SharePoint uses the Azure Front Door service to provide routing internal to the Microsoft network. This configuration allows failover redirection independent of DNS and reduces the effect of local-machine caching. Most failover operations are transparent to end users. If there is a failover, customers will not need to make any changes in order to maintain access to the service.
Versioning and Files Restore
For newly created document libraries, SharePoint defaults to 500 versions on every file and can be configured to retain more versions if desired. The UI doesn't allow a value fewer than 100 versions to be set, but it is possible to set the system to store fewer versions using public APIs. For reliability, any value less than 100 isn't recommended and can result in user activity causing inadvertent data loss.
For more information about versioning, see Versioning in SharePoint.
Files Restore is the ability to go 'back in time' on any Document Library in SharePoint to any second of time in the last 30 days. This process can be used to recover from ransomware, mass deletions, corruption, or any other event. This feature uses file versions so reducing default versions can reduce the effectiveness of this restore.
Deletion, backup, and Point in Time Restore
User content deleted from SharePoint goes through the following deletion flow.
Deleted items are retained in recycle bins for a certain period of time. For SharePoint, the retention time is 93 days. It begins when you delete the item from its original location. When you delete the item from the site recycle bin, it goes into the site collection recycle bin. It stays there for the remainder of the 93 days, and then is permanently deleted. More information about how to use the recycle bin is available at these links:
This process is the default deletion flow and does not take into account retention policies or labels. For more information, see Learn about retention for SharePoint and OneDrive.
After the 93-day recycle pipeline is complete, deletion takes place independently for Metadata and for Blob Storage. Metadata will be removed immediately from the database, which makes the content unreadable unless the metadata is restored from backup. SharePoint maintains 14 days-worth of backups of metadata. These backups are taken locally in near real time and then pushed to storage in redundant Azure Storage containers on, according to documentation at the time of this publication, a 5-10-minute schedule.

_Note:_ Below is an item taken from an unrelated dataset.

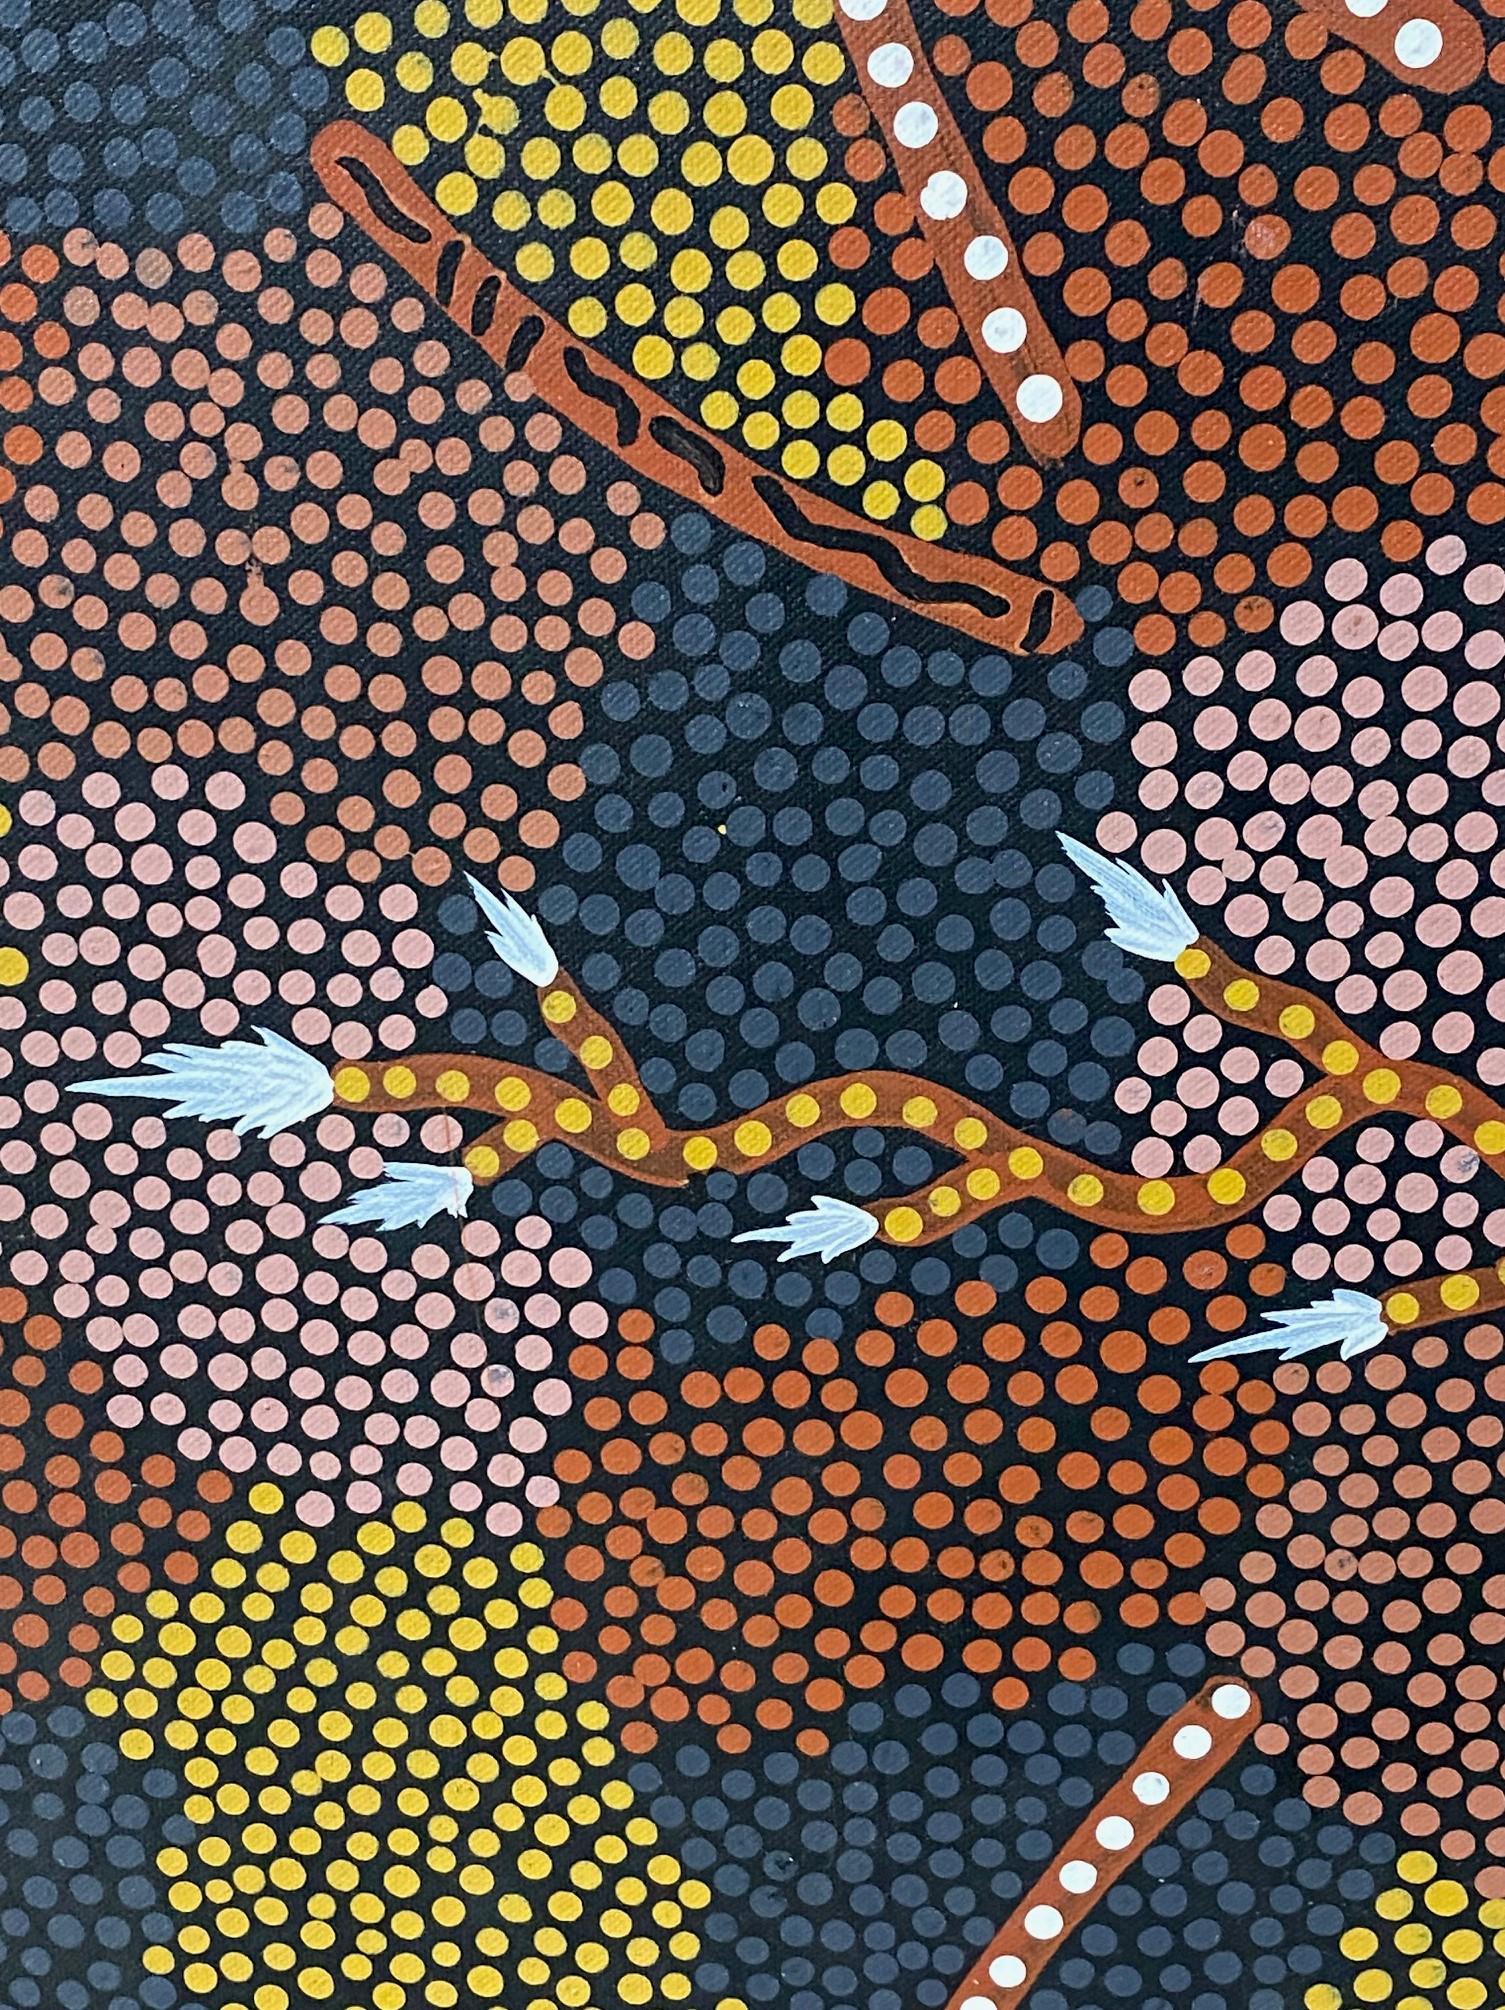 Australian Clifford Possum Tjapaltjarri Indigenous Aboriginal Art Large Original Painting For Sale

When deleting Blob Storage content, SharePoint utilizes the soft delete feature for Azure Blob Storage to protect against accidental or malicious deletion. Using this feature, we have a total of 14 days in which to restore content before it is permanently deleted.
While Microsoft applications will send content to the recycle bin for the standard process, SharePoint does provide APIs that allow for skipping the recycle bin and forcing an immediate delete. Review your applications to ensure this is only done when necessary for compliance reasons.

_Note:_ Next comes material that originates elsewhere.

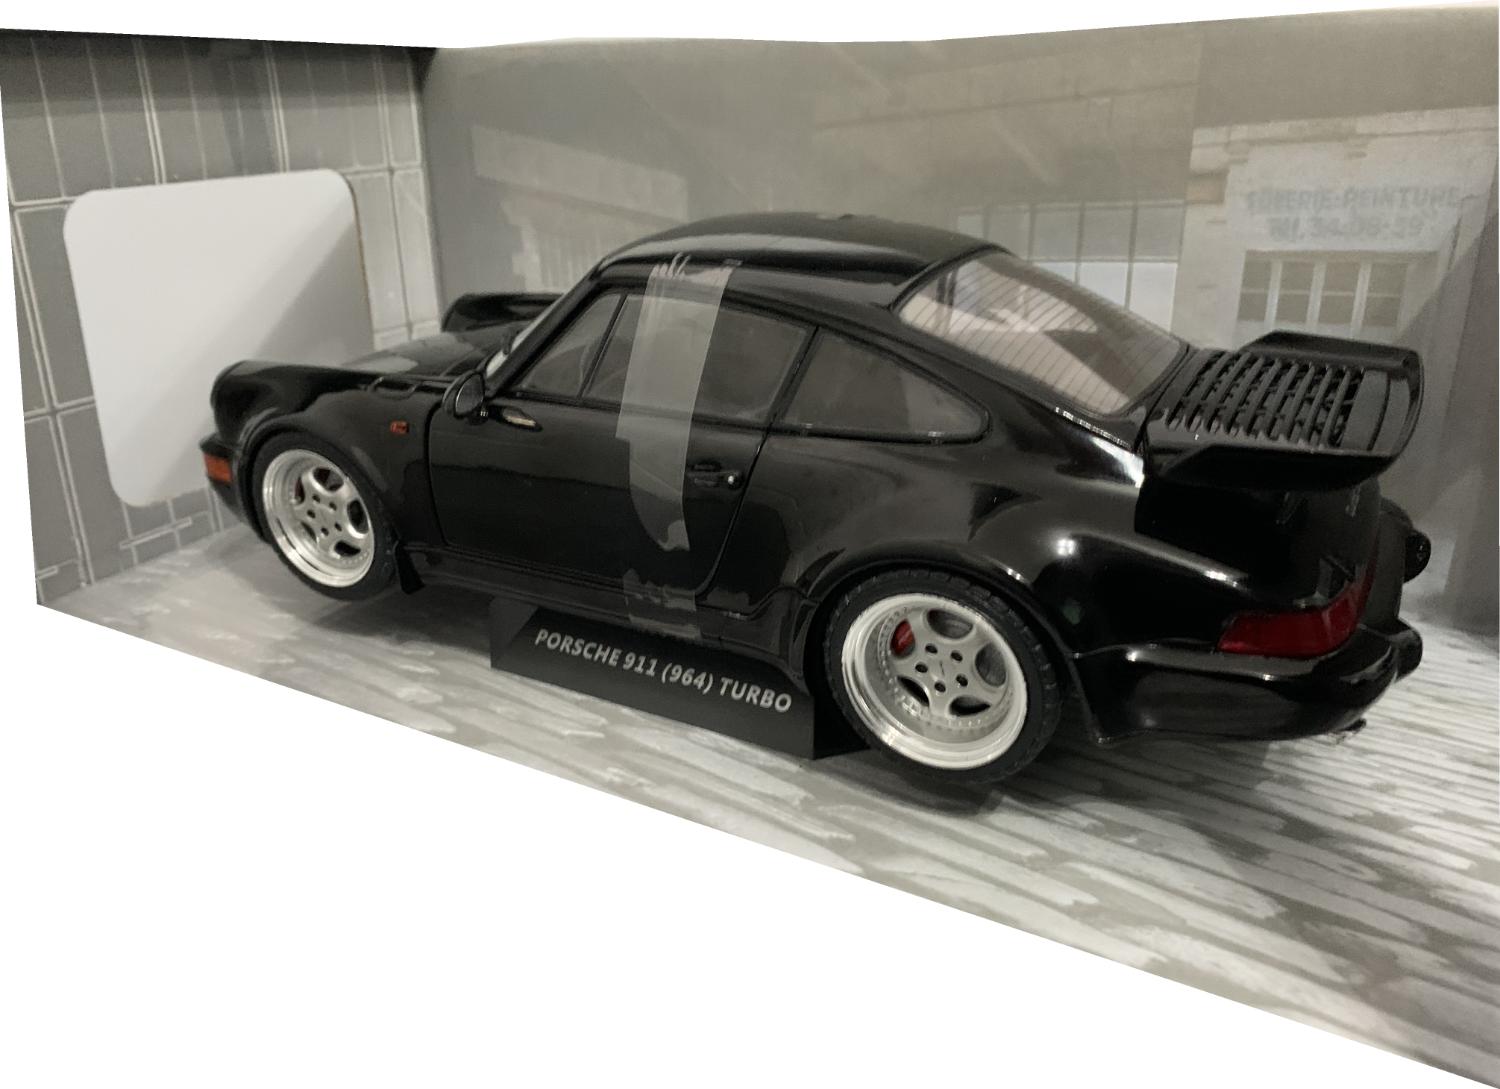 Porsche 911 (964) Turbo 1993 in black 1:18 scale model from Solido

SharePoint uses various methods to ensure the integrity of blobs and metadata at all stages of the data lifecycle:
- File hash stored in metadata: Hash of the entire file is stored with file metadata to ensure document level data integrity is maintained during all operations
- Blob hash stored in metadata: Each blob-item stores a hash of the encrypted content to protect against corruption in underlying Azure storage.
- Data integrity job: Every 14 days, each site is scanned for integrity by listing items in the database and matching those up with listed blobs in Azure storage. The job reports any blob-references missing storage-blobs and can retrieve those blobs through the Azure storage soft-delete feature if needed.